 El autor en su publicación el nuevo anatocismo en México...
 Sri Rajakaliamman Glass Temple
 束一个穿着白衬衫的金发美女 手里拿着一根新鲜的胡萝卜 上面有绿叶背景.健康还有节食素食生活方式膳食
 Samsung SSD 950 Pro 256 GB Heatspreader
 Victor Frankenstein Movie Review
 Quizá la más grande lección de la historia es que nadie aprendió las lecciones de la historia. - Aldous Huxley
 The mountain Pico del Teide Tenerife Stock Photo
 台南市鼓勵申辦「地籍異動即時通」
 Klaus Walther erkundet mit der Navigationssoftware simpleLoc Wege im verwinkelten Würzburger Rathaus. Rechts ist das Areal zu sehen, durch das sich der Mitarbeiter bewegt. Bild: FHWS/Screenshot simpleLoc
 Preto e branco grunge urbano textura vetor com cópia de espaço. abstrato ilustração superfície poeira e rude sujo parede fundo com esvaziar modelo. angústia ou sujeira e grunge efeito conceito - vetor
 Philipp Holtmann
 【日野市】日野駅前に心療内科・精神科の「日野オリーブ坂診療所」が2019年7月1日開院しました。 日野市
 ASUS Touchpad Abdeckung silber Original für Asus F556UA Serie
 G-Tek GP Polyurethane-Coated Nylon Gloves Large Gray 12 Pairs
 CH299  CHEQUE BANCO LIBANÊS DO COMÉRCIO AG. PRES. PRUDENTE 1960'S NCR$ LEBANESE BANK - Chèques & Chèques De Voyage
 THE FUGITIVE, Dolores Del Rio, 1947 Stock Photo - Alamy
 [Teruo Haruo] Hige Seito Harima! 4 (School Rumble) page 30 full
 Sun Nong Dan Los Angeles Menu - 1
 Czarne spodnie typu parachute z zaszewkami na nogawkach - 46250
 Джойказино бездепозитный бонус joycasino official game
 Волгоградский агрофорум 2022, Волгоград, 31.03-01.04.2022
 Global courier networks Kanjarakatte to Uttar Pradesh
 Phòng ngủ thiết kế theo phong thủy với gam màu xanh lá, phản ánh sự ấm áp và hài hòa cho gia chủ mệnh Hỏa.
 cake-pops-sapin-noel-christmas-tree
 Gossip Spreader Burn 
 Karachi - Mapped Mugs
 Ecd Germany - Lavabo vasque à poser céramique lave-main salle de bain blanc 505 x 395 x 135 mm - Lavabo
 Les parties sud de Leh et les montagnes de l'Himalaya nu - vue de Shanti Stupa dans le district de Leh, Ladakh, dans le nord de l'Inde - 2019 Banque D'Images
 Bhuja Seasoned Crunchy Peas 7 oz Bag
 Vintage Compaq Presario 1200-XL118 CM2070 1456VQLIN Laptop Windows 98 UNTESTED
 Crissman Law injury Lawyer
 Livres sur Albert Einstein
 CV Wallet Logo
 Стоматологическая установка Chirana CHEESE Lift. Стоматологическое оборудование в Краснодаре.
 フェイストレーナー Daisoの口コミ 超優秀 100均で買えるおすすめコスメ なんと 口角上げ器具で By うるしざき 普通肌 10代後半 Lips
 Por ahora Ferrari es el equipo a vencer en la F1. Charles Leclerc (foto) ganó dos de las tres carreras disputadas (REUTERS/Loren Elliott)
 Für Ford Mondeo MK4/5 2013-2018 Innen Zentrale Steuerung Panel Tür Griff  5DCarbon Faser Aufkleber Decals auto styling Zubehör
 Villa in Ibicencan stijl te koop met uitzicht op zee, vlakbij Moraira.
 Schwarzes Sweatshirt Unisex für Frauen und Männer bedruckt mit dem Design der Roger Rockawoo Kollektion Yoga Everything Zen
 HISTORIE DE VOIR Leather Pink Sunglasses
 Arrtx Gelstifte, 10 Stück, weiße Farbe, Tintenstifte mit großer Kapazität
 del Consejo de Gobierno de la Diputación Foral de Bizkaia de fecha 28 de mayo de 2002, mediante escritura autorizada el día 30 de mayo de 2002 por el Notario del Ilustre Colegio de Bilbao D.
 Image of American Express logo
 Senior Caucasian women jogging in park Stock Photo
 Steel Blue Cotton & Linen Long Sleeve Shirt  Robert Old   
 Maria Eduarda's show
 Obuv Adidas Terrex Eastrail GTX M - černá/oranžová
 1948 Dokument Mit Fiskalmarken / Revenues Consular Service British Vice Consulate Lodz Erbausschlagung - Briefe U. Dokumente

| Directions |
Copy exactly the stretch of data above from the line with "Samsung SSD 950 Pro 256 GB Heatspreader" through the line with "Karachi - Mapped Mugs", and omit all other lines.

| Exercise response |
 Samsung SSD 950 Pro 256 GB Heatspreader
 Victor Frankenstein Movie Review
 Quizá la más grande lección de la historia es que nadie aprendió las lecciones de la historia. - Aldous Huxley
 The mountain Pico del Teide Tenerife Stock Photo
 台南市鼓勵申辦「地籍異動即時通」
 Klaus Walther erkundet mit der Navigationssoftware simpleLoc Wege im verwinkelten Würzburger Rathaus. Rechts ist das Areal zu sehen, durch das sich der Mitarbeiter bewegt. Bild: FHWS/Screenshot simpleLoc
 Preto e branco grunge urbano textura vetor com cópia de espaço. abstrato ilustração superfície poeira e rude sujo parede fundo com esvaziar modelo. angústia ou sujeira e grunge efeito conceito - vetor
 Philipp Holtmann
 【日野市】日野駅前に心療内科・精神科の「日野オリーブ坂診療所」が2019年7月1日開院しました。 日野市
 ASUS Touchpad Abdeckung silber Original für Asus F556UA Serie
 G-Tek GP Polyurethane-Coated Nylon Gloves Large Gray 12 Pairs
 CH299  CHEQUE BANCO LIBANÊS DO COMÉRCIO AG. PRES. PRUDENTE 1960'S NCR$ LEBANESE BANK - Chèques & Chèques De Voyage
 THE FUGITIVE, Dolores Del Rio, 1947 Stock Photo - Alamy
 [Teruo Haruo] Hige Seito Harima! 4 (School Rumble) page 30 full
 Sun Nong Dan Los Angeles Menu - 1
 Czarne spodnie typu parachute z zaszewkami na nogawkach - 46250
 Джойказино бездепозитный бонус joycasino official game
 Волгоградский агрофорум 2022, Волгоград, 31.03-01.04.2022
 Global courier networks Kanjarakatte to Uttar Pradesh
 Phòng ngủ thiết kế theo phong thủy với gam màu xanh lá, phản ánh sự ấm áp và hài hòa cho gia chủ mệnh Hỏa.
 cake-pops-sapin-noel-christmas-tree
 Gossip Spreader Burn 
 Karachi - Mapped Mugs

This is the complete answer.